1. Device (50) for protection against unwanted electric arcs comprising: - a first electrically conductive rod (60) having a first pointed end (61); - an electrically conductive part (40; 80), the first pointed end (61) being separated from the electrically conductive part (40; 80) by a gap (62); - a first electrical conductor (54) connected to the first electrically conductive rod (60); - a sensor (58) configured to detect the passage of an electric current in the first electrical conductor (54).

2. Device according to claim 1, comprising means (70) for modifying the distance between the first pointed end (61) and the electrically conductive part (40; 80).

3. Device according to claim 1 or 2, comprising an airtight enclosure (44; 83) containing the first pointed end (61), the gap (62), and at least a portion of the electrically conductive part (40; 80).

4. Device according to claim 3, in which the enclosure (44; 83) contains an atmosphere consisting of a neutral gas or a mixture of neutral gases.

5. Device according to any one of claims 1 to 4, comprising a support (63) having a threaded opening (67), and in which the first electrically conductive rod (60) includes a threaded portion (68) cooperating with the threaded opening (67).

6. Device according to any one of claims 1 to 5, wherein the electrically conductive part (80) comprises a second electrically conductive rod (80) having a second pointed end (81), the first pointed end (61) being separated from the second pointed end (81) by said gap (62).

7. Device according to claim 6, further comprising a second electrical conductor (82) connected to the second electrically conductive rod (80).

8. Arc melting furnace (10) comprising an electrode holder (40), an electrode (40) mounted on the electrode holder (40), and a hearth (42) comprising a cavity (14) for holding a charge (11), the arc melting furnace being configured to generate an electric arc for melting the charge (11) and further comprising a device (50) for protection against unwanted electric arcs according to any one of claims 1 to 7, wherein the electrically conductive part (40; 80) corresponds to said electrode holder (40) or is connected to said electrode holder (40).

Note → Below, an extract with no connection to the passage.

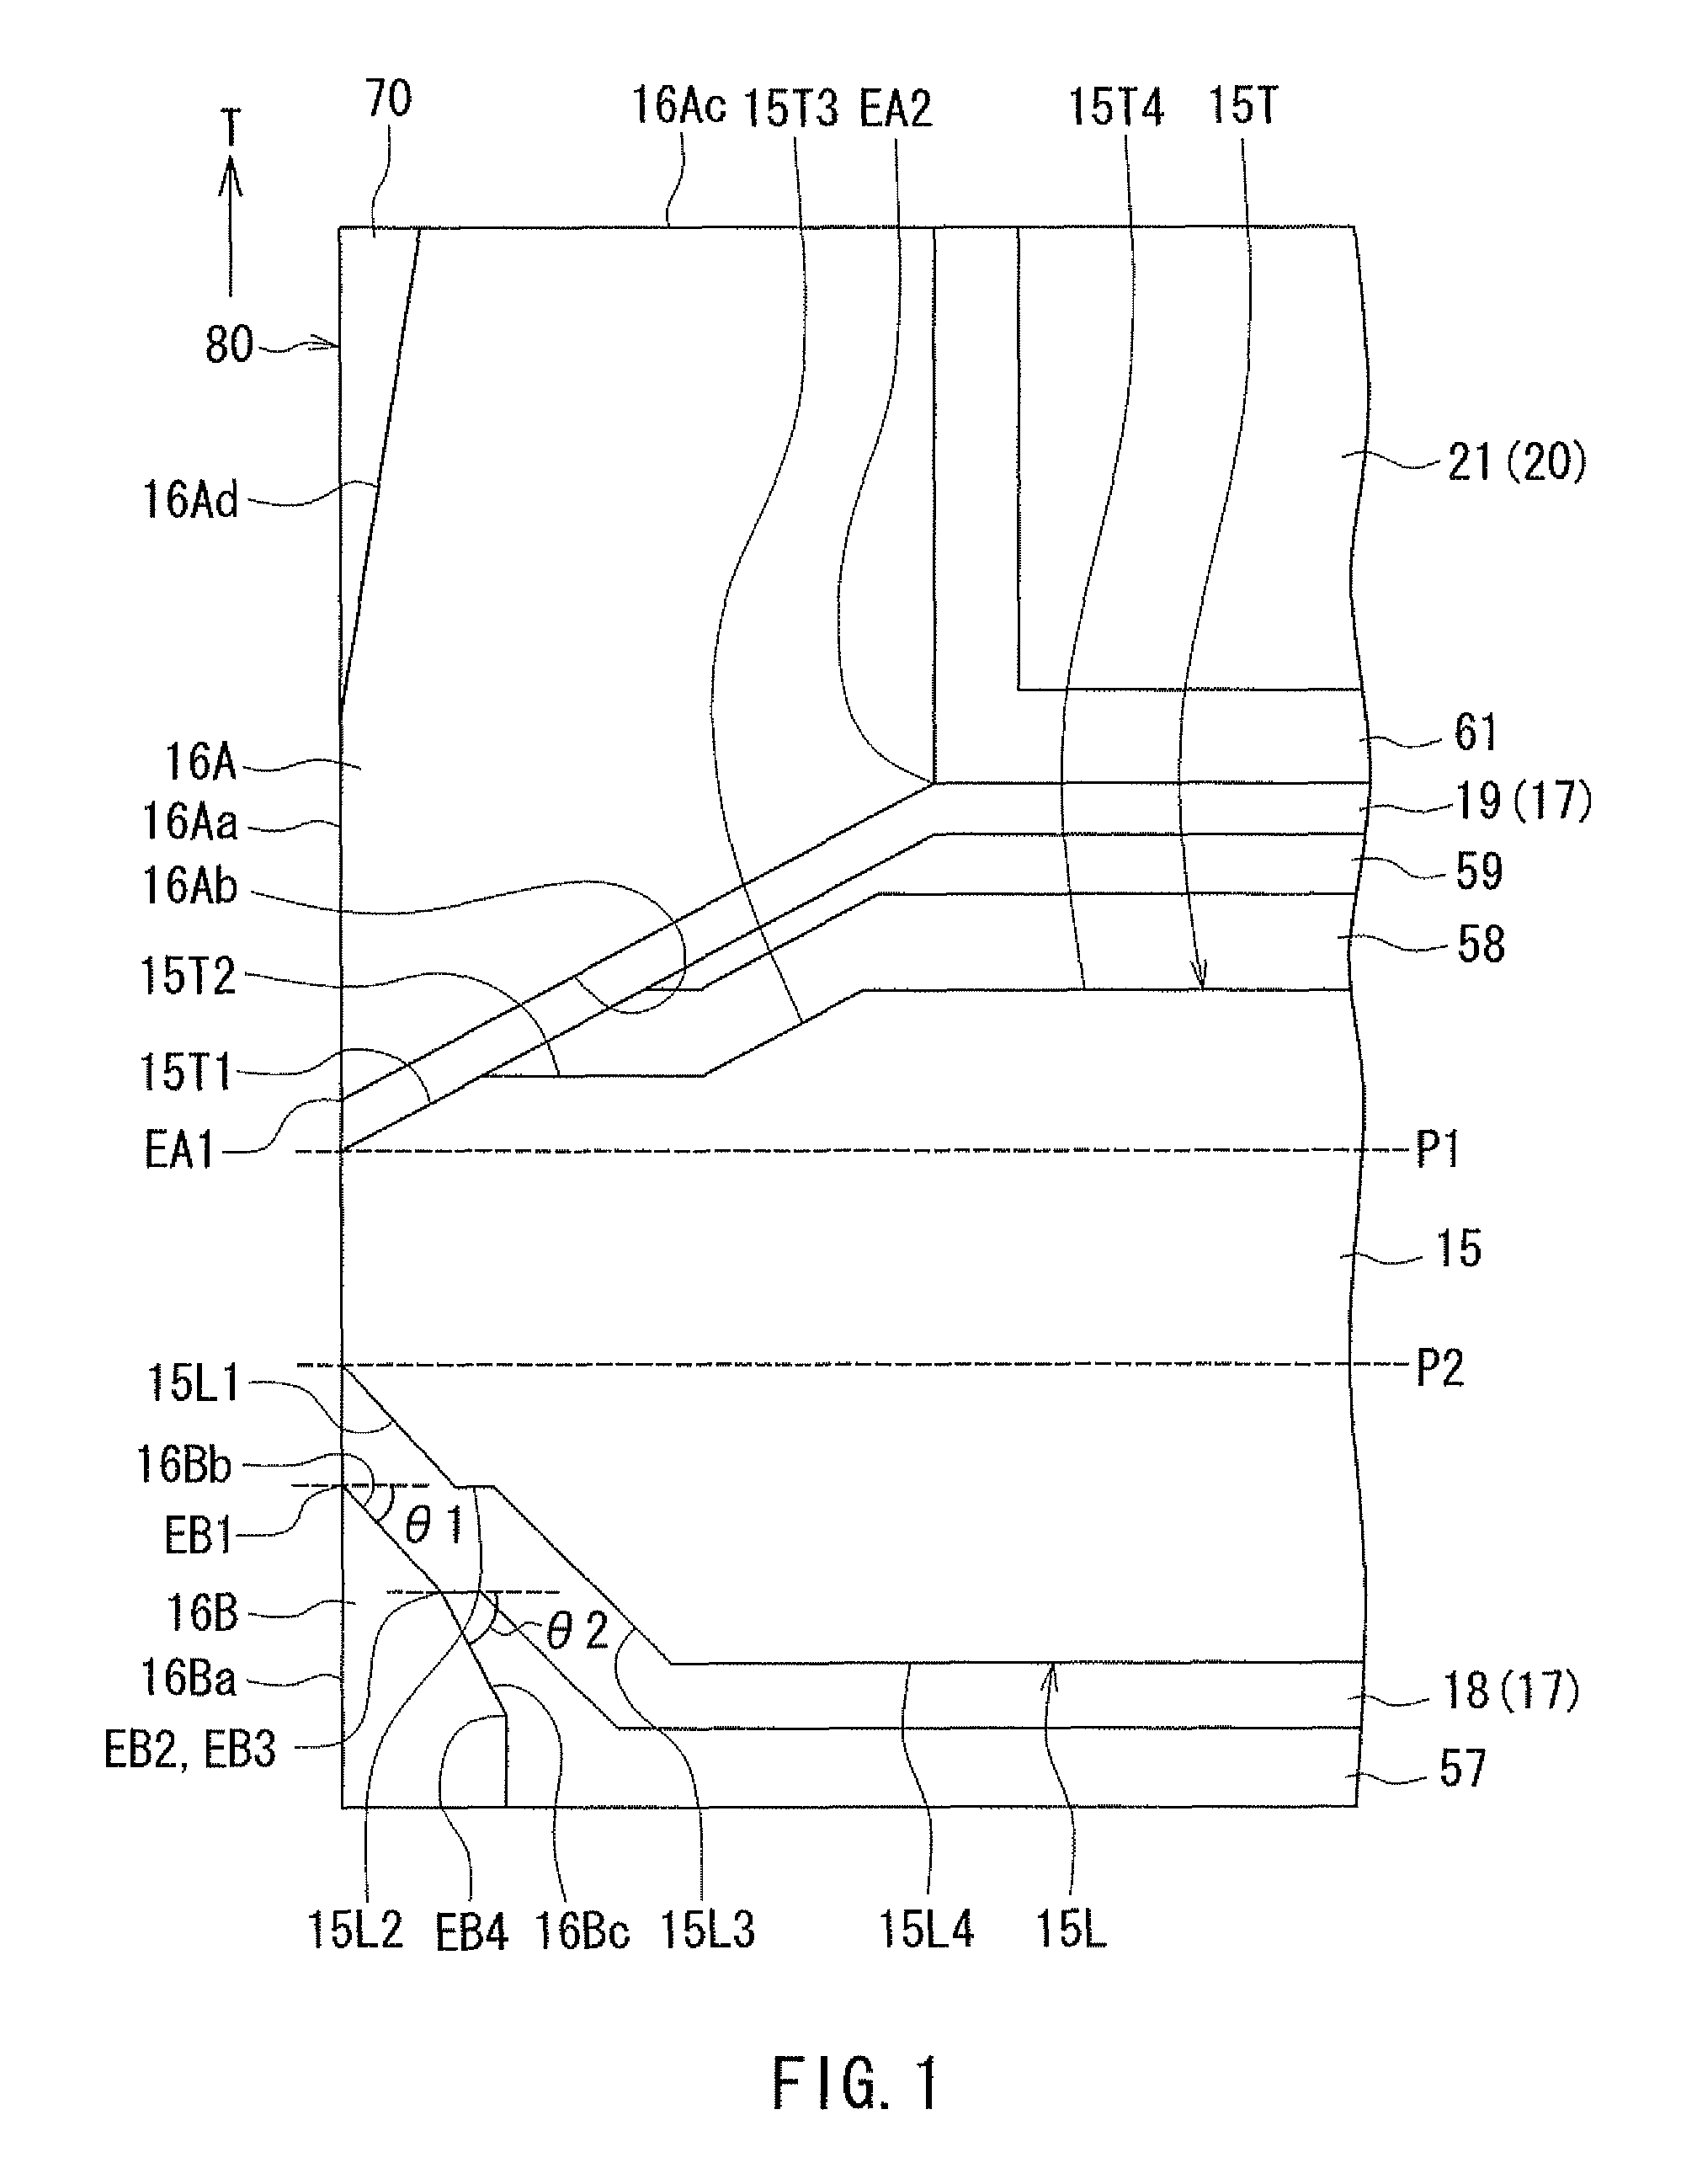 Magnetic head for perpendicular magnetic recording having a main pole and a shield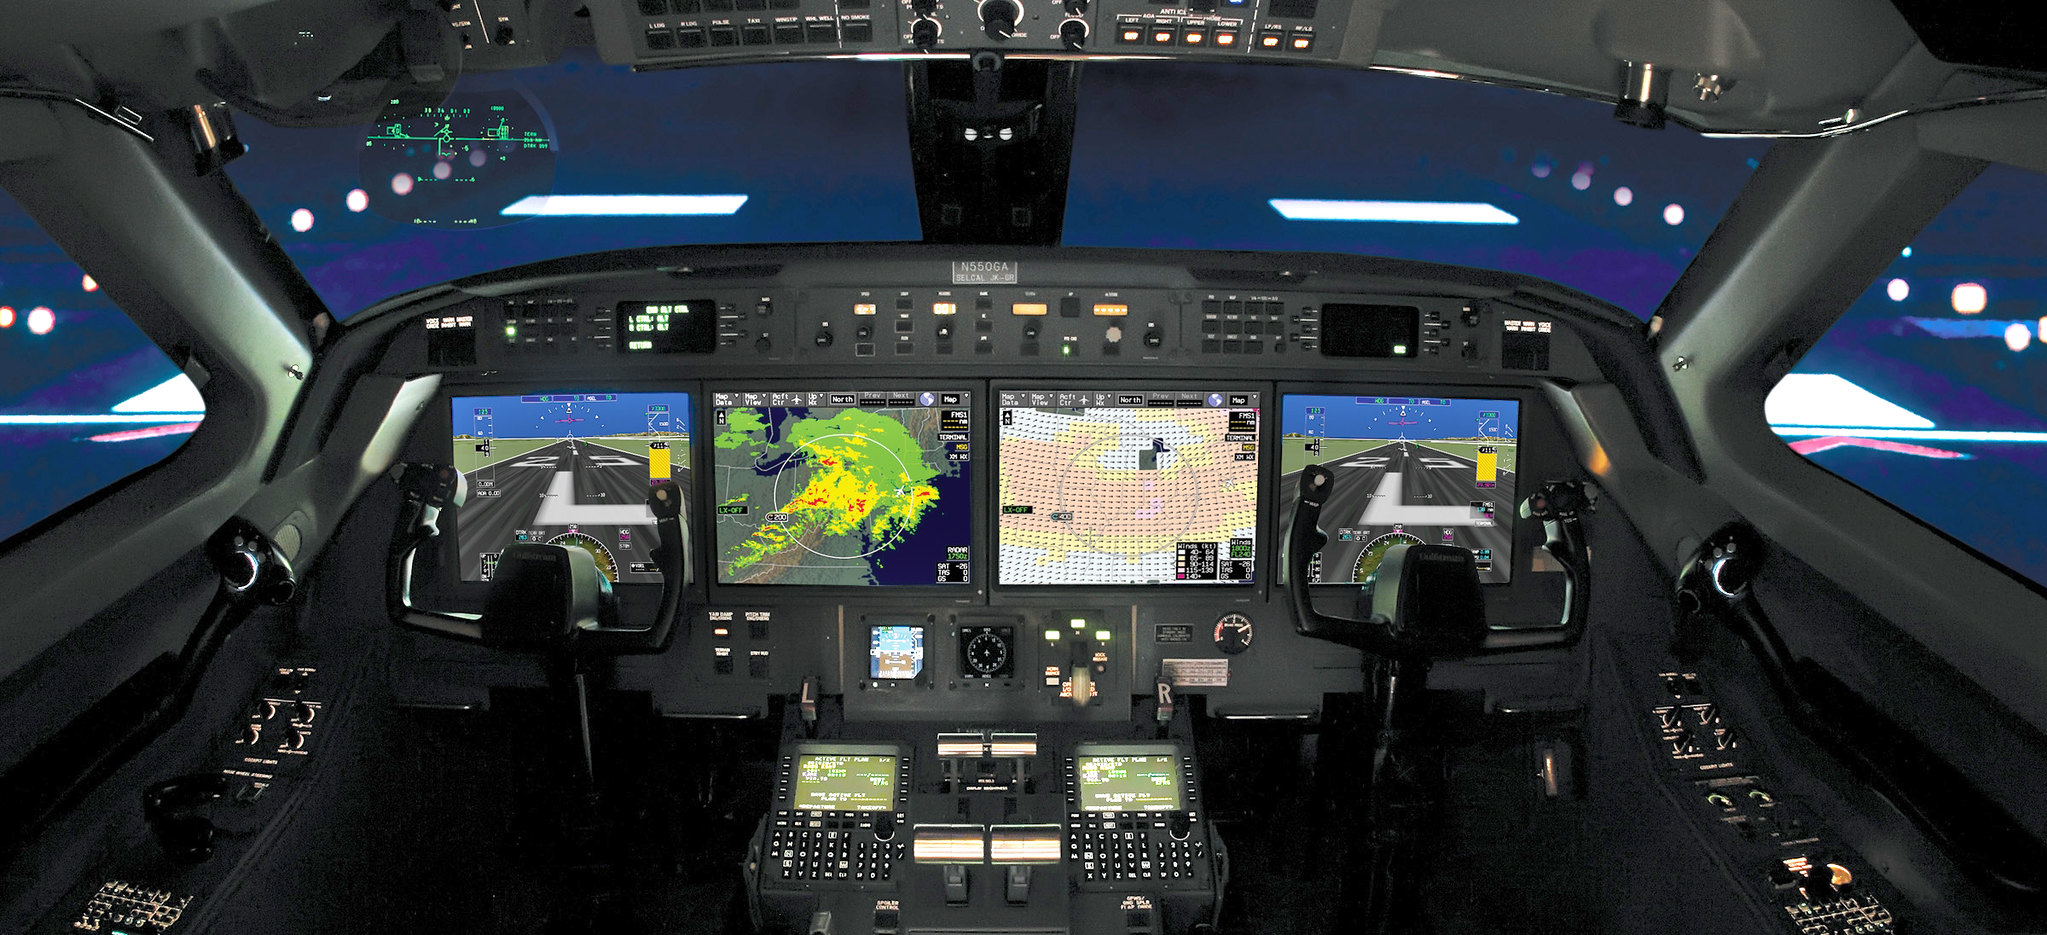 Digital composition of Gulfstream cockpit with screens showing svd-pfd2 / weather / etc. foxtrot enhancements (by Charly W. Karl CC BY-ND 2.0 via Flickr).

9. Arc melting furnace (10) according to claim 8, wherein the first electrical conductor (54) is connected to ground or to the hearth (12).

10. Arc melting furnace (10) according to claim 8 or 9, wherein the electrically conductive part (80) comprises a second electrically conductive rod (80) having a second pointed end (81), the first pointed end (61) being separated from the second pointed end (81) by said gap (62), the device (50) for protection against unwanted electric arcs further comprising a second electrical conductor (82) connected to the second electrically conductive rod (80) and to the electrode holder (40).